A Dreamer Walking

Invisible Ink- Don’t tell me, SHOW ME!

Posted in Uncategorized by Jacob on May 3, 2011

Seeing is different from being told
— African Proverb

This is how Brian McDonald opened up the topic of “What It Means to Dramatize an Idea”. This post is actually concentrating on the second part of Chapter 3 in his book Invisible Ink. I think in chapter three Brian hits on several different storytelling points, so I have decided to write four posts on the chapter (HERE is the link to the first post).

In storytelling our job is not to bluntly give our audience all the answers. Creating a story where you tell the audience exactly how and what to think is a quick way to get them to walk out on you. If the audience has been given all the answers there will be no drama. Drama comes from the uncertainty and questions the audience has. The drama comes from the audience figuring out the answers for themselves. Our job as filmmakers is to give the audience the equation and let them come up with the answer.

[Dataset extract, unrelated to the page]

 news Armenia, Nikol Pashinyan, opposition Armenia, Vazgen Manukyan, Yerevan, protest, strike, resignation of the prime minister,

Let me go back to the example of The Incredibles to explain myself. The main theme in The Incredibles is “family is most important”. The reason why The Incredibles works so well is we are never told family is most important but rather we are shown. There are several scenes in which it is visually expressed how important family is to Mr. Incredible. One of the greatest examples would be the scene where his wife and children are flying to the island where he is being held capture. Syndrome, the villain of the movie, shoots missiles at the plane. We see Mr. Incredible at his most vulnerable. He begs Syndrome to call off the missiles, but sadly with no avail. He is forced to watch helplessly while the rockets hit and destroys the plane. He thinks right then his family is dead. We don’t need him to say, “my family is important to me”, we literally feel their importance through his emotions.

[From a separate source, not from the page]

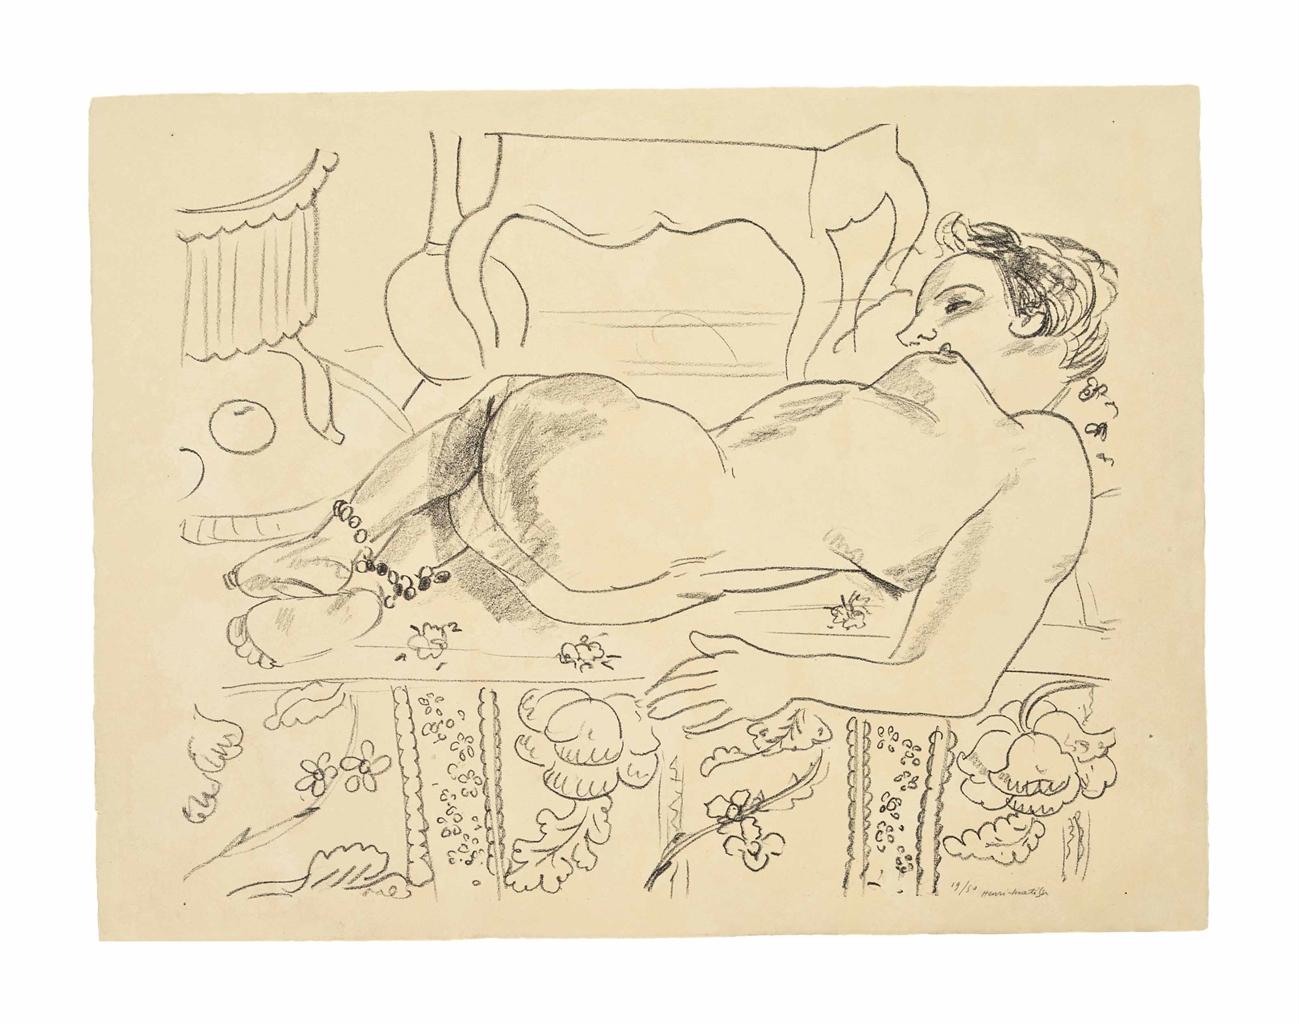 Henri Matisse-Nu couche sur sol fleuri-1929

Words can easily be deceptive. David Fincher said, in his commentary on the movie Se7en, he believed the verbal language was invented so people could lie. Granted, David Fincher is one of the most cynical people I have ever come across, but what he said has some truth. We have the ability to deceive people through our words, but our our actions and emotions give us away.  We as filmmakers are measured based on how much we can get the audience to buy into the story we are telling. If we are told someone is in danger but don’t have it expressed well through the powers of cinema– through sound effects, music, cutting, lighting, and good acting– the audience won’t care. If an actor does not believe in what he is saying the audience won’t believe it. When I watch a movie I do not care whether I have seen the same type of story before. What I care about is whether or not the visuals and characters are believable. Do the performances feel authentic? Do the visuals demand my attention?

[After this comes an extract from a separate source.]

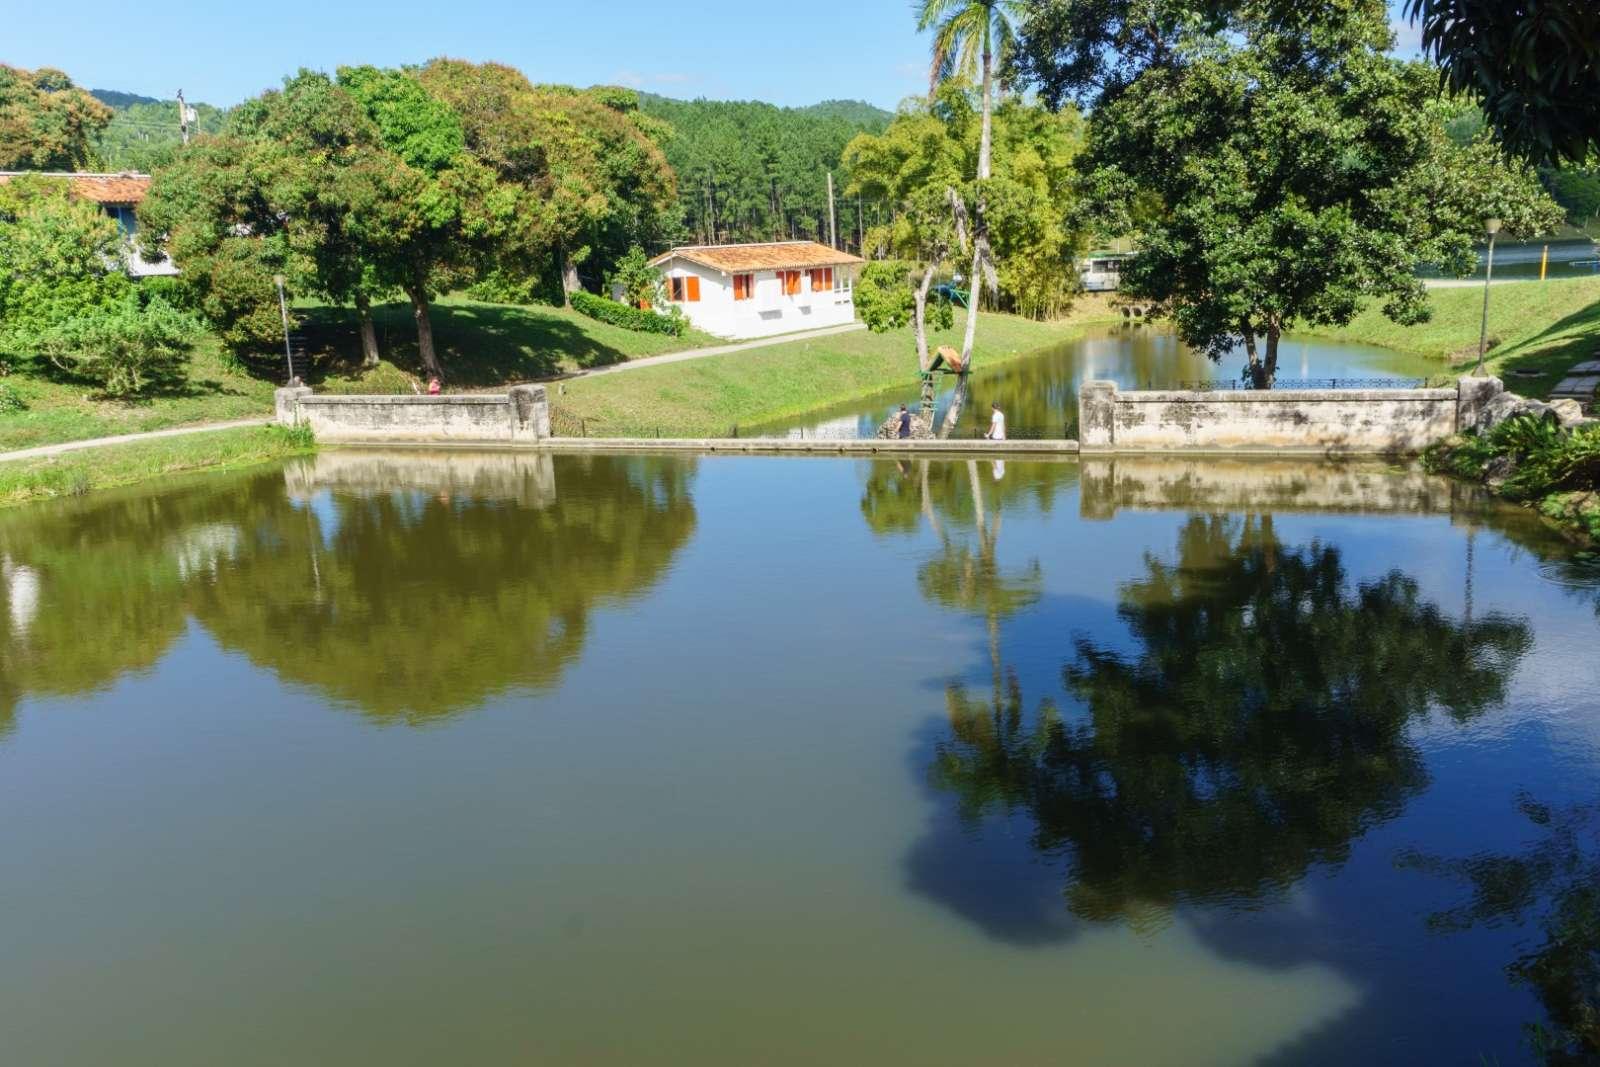 System of lakes at Las Terrazas, Cuba

The message of “family being most important” has been told before. What makes The Incredibles work is the way the creators are able to get us to buy into the message. At the end of the movie Mr. Incredible wants to fight Syndrome and his evil robot alone. Mrs. Incredible is angry Mr. Incredible doesn’t want her help and demands to know why. Mr. Incredible breaks down and says, “I can’t lose you again”. Right there we are shown how important family has become to Mr. Incredible. His words are validated through the scene before where we saw the emotions he went through when he thought he lost them. His words are also backed up by a great performance. Mr. Incredible can barely look at his wife while he expresses his fear.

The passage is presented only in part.